# Logistic Regression
---

In [1]:
import torch
import torch.nn as nn
import numpy as np
from sklearn import datasets
from sklearn.preprocessing import StandardScaler
from sklearn.model_selection import train_test_split

  return f(*args, **kwds)


In [12]:
# Prepare the dataset
cancer_dataset = datasets.load_breast_cancer()
X, y = cancer_dataset.data, cancer_dataset.target
n_samples, n_features = X.shape
print(f"Feature names: {cancer_dataset.feature_names}")
print(f"No. of Samples: {n_samples}\nNo. of Features: {n_features}")
X_train, X_test, y_train, y_test = train_test_split(X, y, test_size=0.2, random_state=1234)
print(f"Original X Shape: {X_train.shape} y Shape: {y_train.shape}")
# Scale the dataset for 0 mean and 1 variance
scaler = StandardScaler()
X_train = scaler.fit_transform(X_train)
X_test = scaler.transform(X_test)
# Convert to tensors
X_train = torch.from_numpy(X_train.astype(np.float32))
X_test = torch.from_numpy(X_test.astype(np.float32))
y_train = torch.from_numpy(y_train.astype(np.float32))
y_test = torch.from_numpy(y_test.astype(np.float32))
y_train = y_train.view(y_train.shape[0], 1)
y_test = y_test.view(y_test.shape[0], 1)
print(f"Final X Shape: {X_train.shape} y Shape: {y_train.shape}")

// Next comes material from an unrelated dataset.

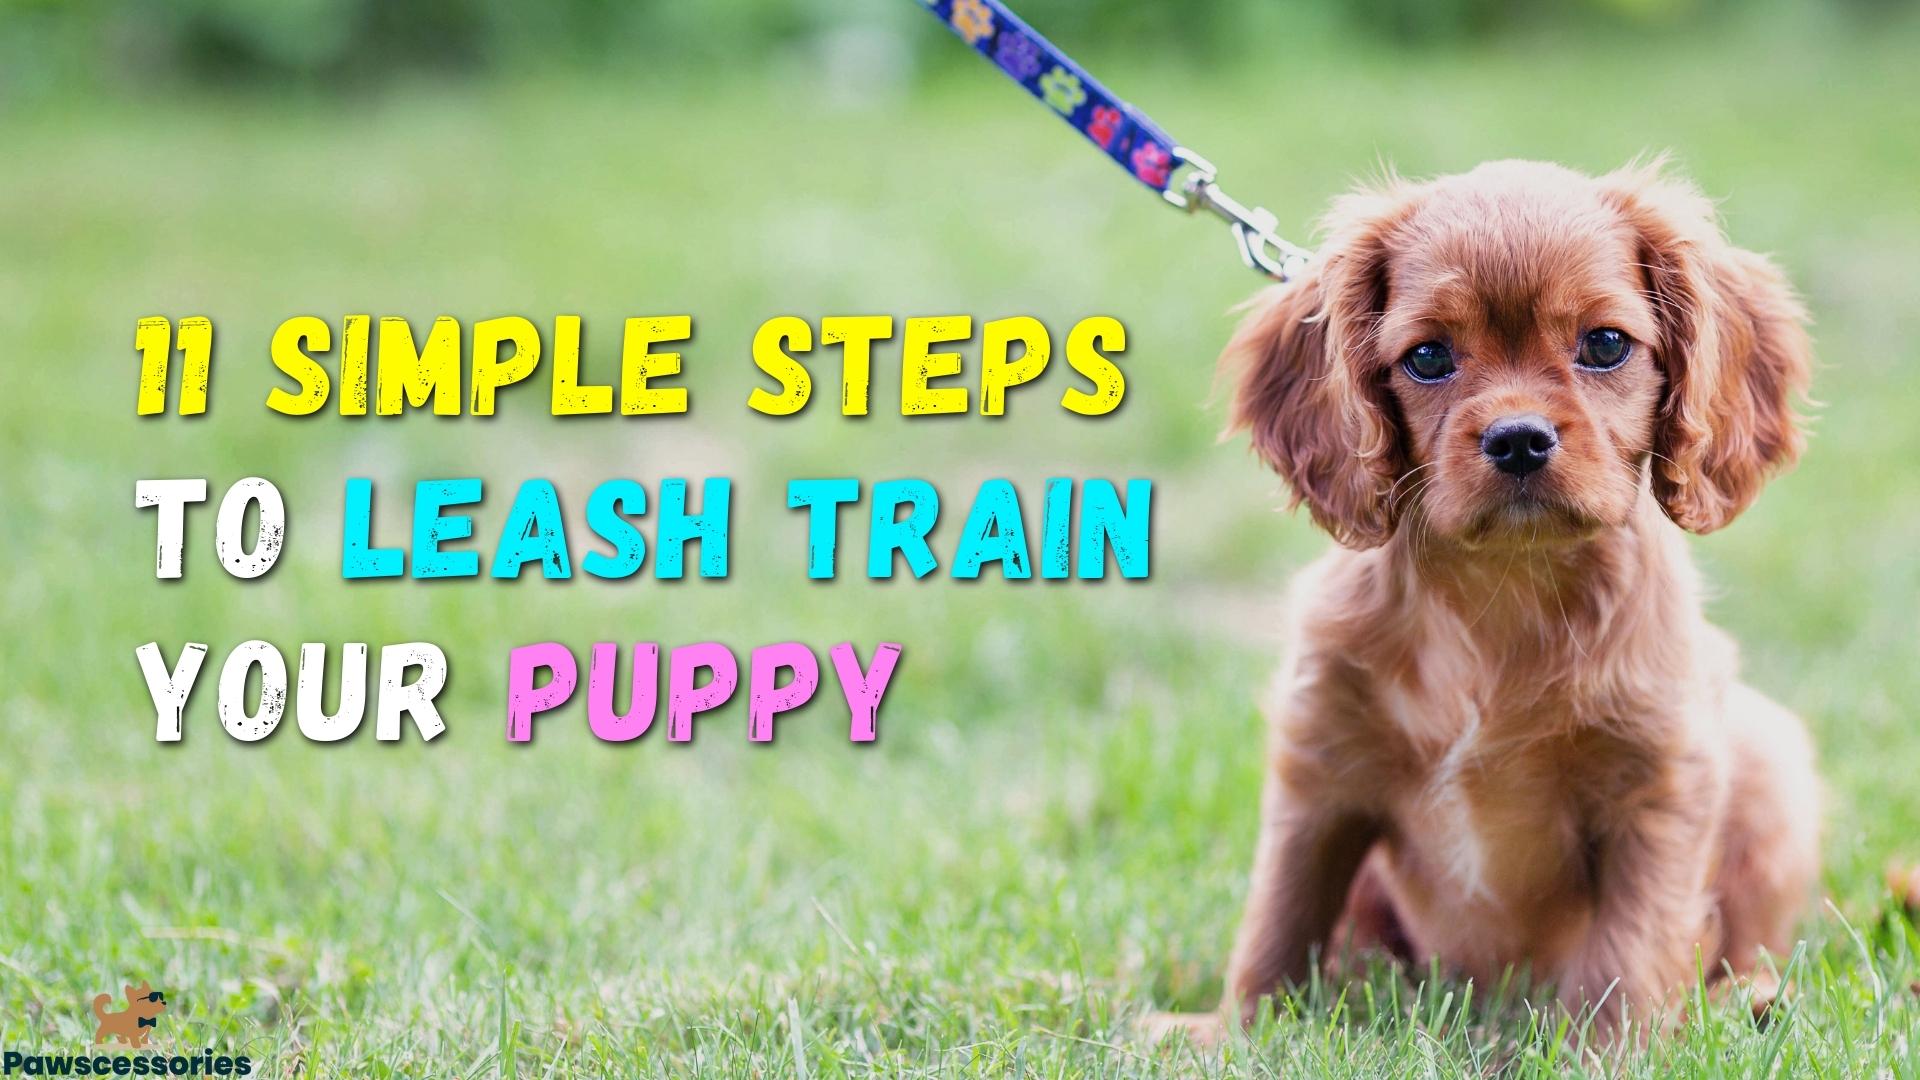 11 Simple Steps To Leash Train A Puppy (#9 Is Key)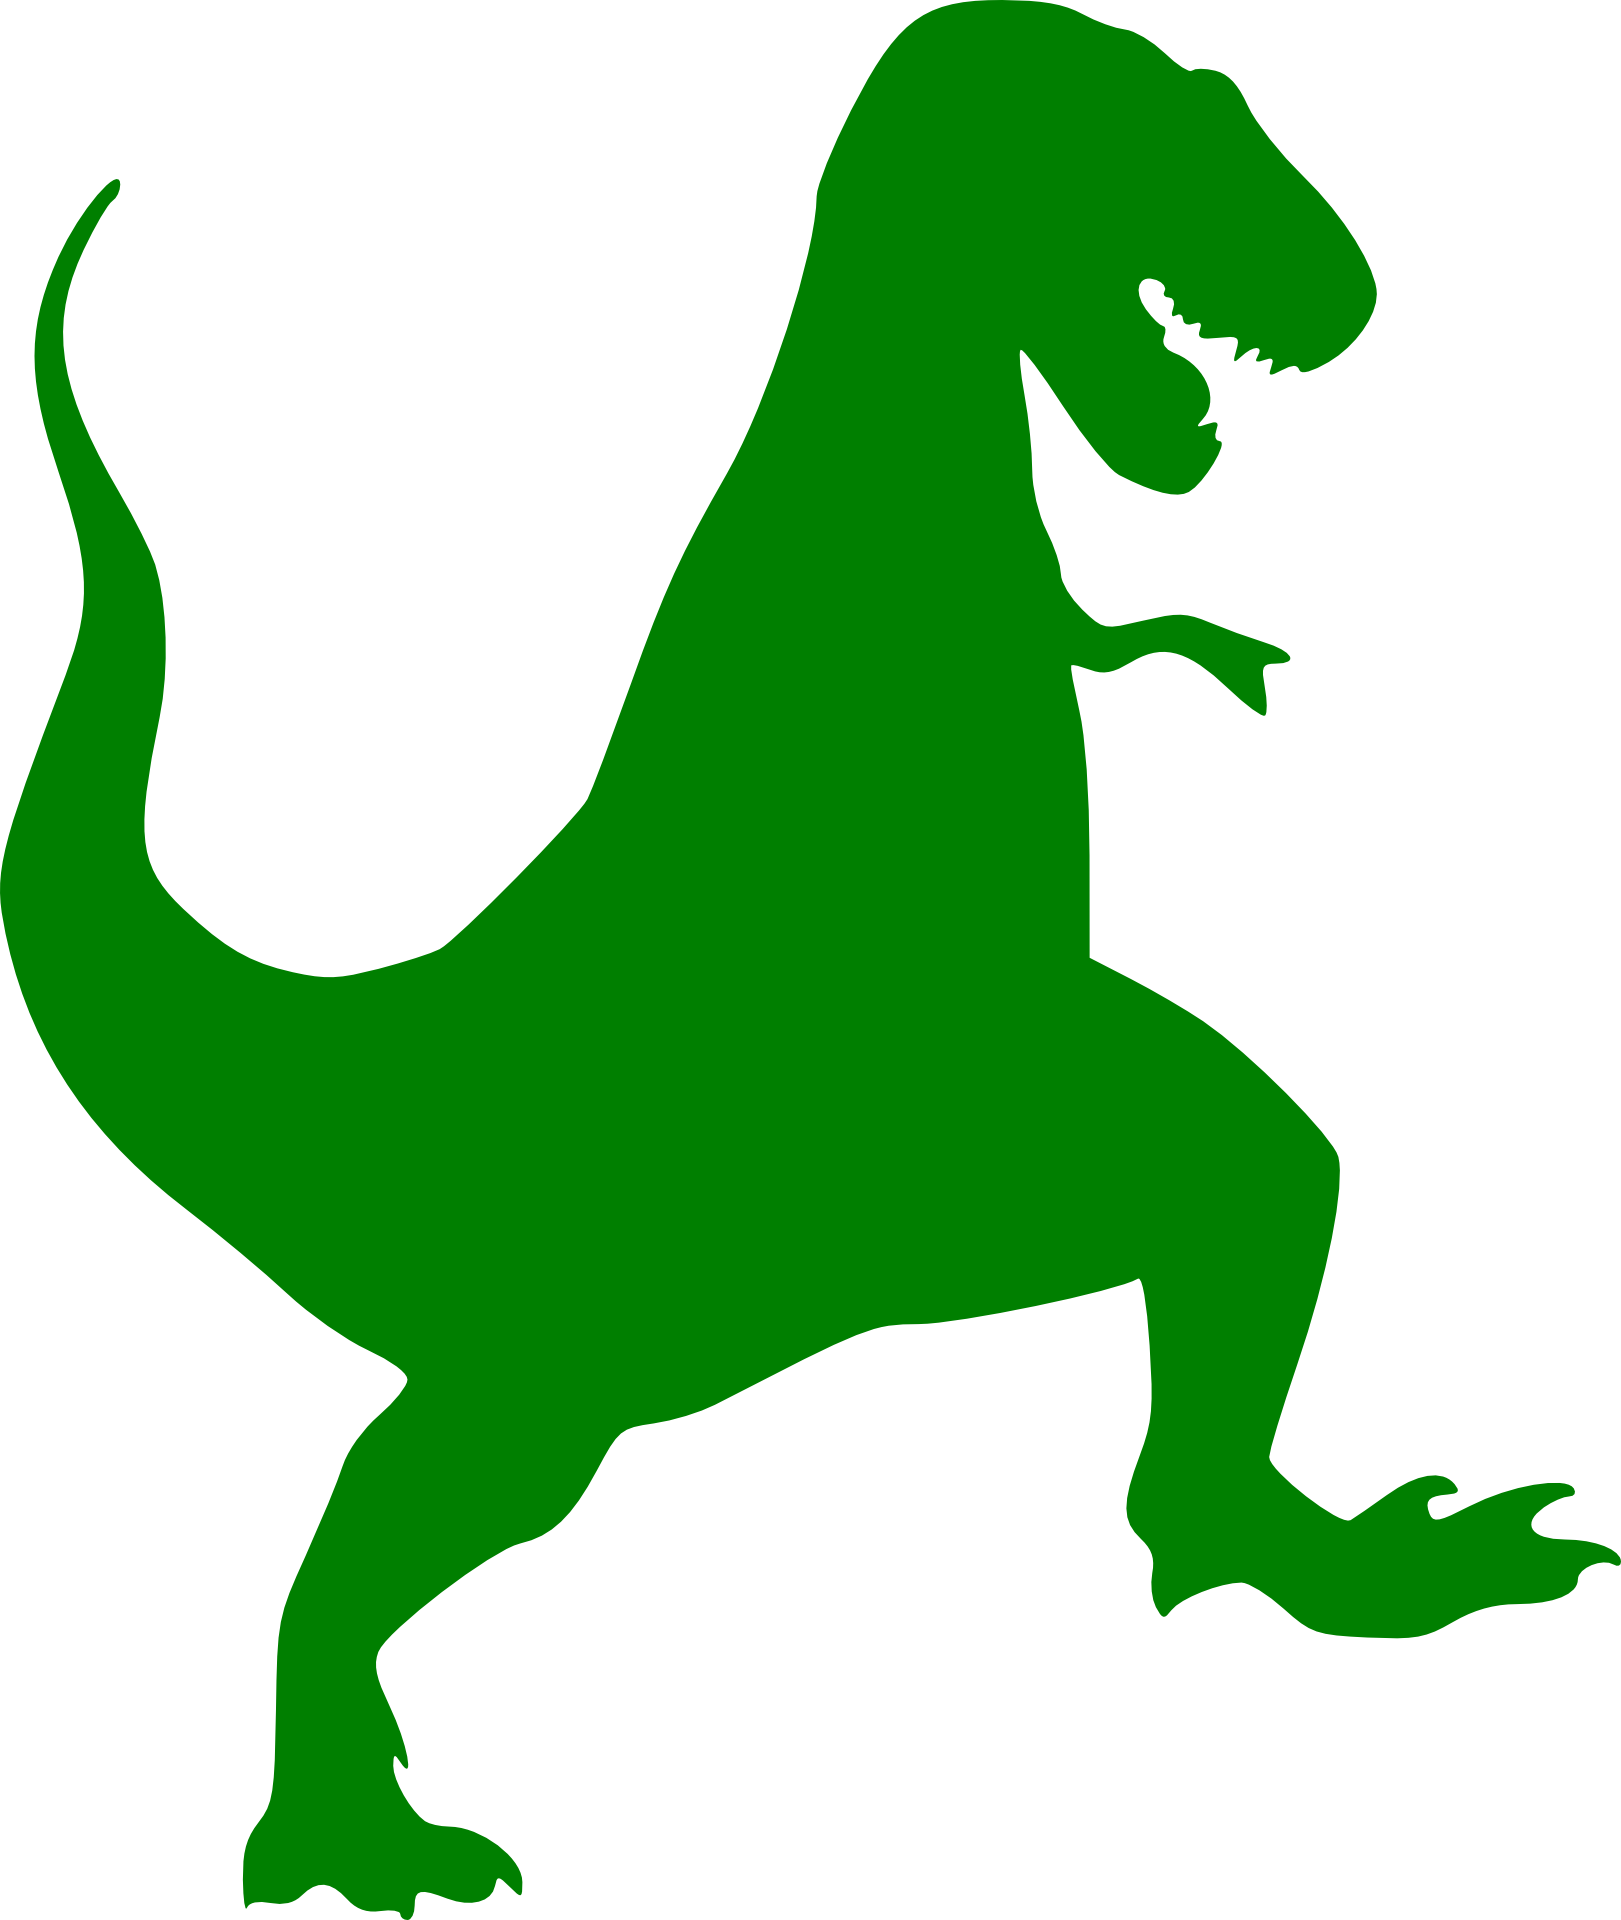 A Green Dinosaur Silhouette On A Black Background

Feature names: ['mean radius' 'mean texture' 'mean perimeter' 'mean area'
 'mean smoothness' 'mean compactness' 'mean concavity'
 'mean concave points' 'mean symmetry' 'mean fractal dimension'
 'radius error' 'texture error' 'perimeter error' 'area error'
 'smoothness error' 'compactness error' 'concavity error'
 'concave points error' 'symmetry error' 'fractal dimension error'
 'worst radius' 'worst texture' 'worst perimeter' 'worst area'
 'worst smoothness' 'worst compactness' 'worst concavity'
 'worst concave points' 'worst symmetry' 'worst fractal dimension']
No. of Samples: 569
No. of Features: 30
Original X Shape: (455, 30) y Shape: (455,)
Final X Shape: torch.Size([455, 30]) y Shape: torch.Size([455, 1])


In [21]:
# Model Building
class LogisticModel(nn.Module):
    def __init__(self, n_input_features):
        super(LogisticModel, self).__init__()
        self.linear = nn.Linear(n_input_features, 1)
        
    def forward(self, x):
        y_pred = torch.sigmoid(self.linear(x))
        return y_pred

In [22]:
model = LogisticModel(n_features)
criterion = nn.BCELoss()
alpha = 0.01
epochs = 200
optimizer = torch.optim.SGD(model.parameters(), lr=alpha)
# Training loop
for epoch in range(epochs):
    # forward pass
    y_pred = model(X_train)
    loss = criterion(y_pred, y_train)
    # Backward pass
    loss.backward()
    # update parameters
    optimizer.step()
    # delete the gradients
    optimizer.zero_grad()
    
    if (epoch+1) % 10 == 0:
        print(f"Epoch: {epoch+1} Loss: {loss.item():.4f}")
    

Epoch: 10 Loss: 0.5762
Epoch: 20 Loss: 0.4713
Epoch: 30 Loss: 0.4059
Epoch: 40 Loss: 0.3612
Epoch: 50 Loss: 0.3285
Epoch: 60 Loss: 0.3033
Epoch: 70 Loss: 0.2833
Epoch: 80 Loss: 0.2668
Epoch: 90 Loss: 0.2530
Epoch: 100 Loss: 0.2412
Epoch: 110 Loss: 0.2309
Epoch: 120 Loss: 0.2219
Epoch: 130 Loss: 0.2140
Epoch: 140 Loss: 0.2069
Epoch: 150 Loss: 0.2004
Epoch: 160 Loss: 0.1946
Epoch: 170 Loss: 0.1893
Epoch: 180 Loss: 0.1844
Epoch: 190 Loss: 0.1799
Epoch: 200 Loss: 0.1757


In [23]:
# Evaluate Model
with torch.no_grad():
    # Since no gradient computation required now, we use no grad to let the graph know.
    y_pred = model(X_test)
    y_pred_class = y_pred.round()
    accuracy = y_pred_class.eq(y_test).sum() / float(y_test.shape[0])
    print(f"Accuracy: {accuracy:.4f}")

Accuracy: 0.9298


## Note -
- `Fit transform` and `Transform` use cases. Since train and test mean and variance are different. How this works?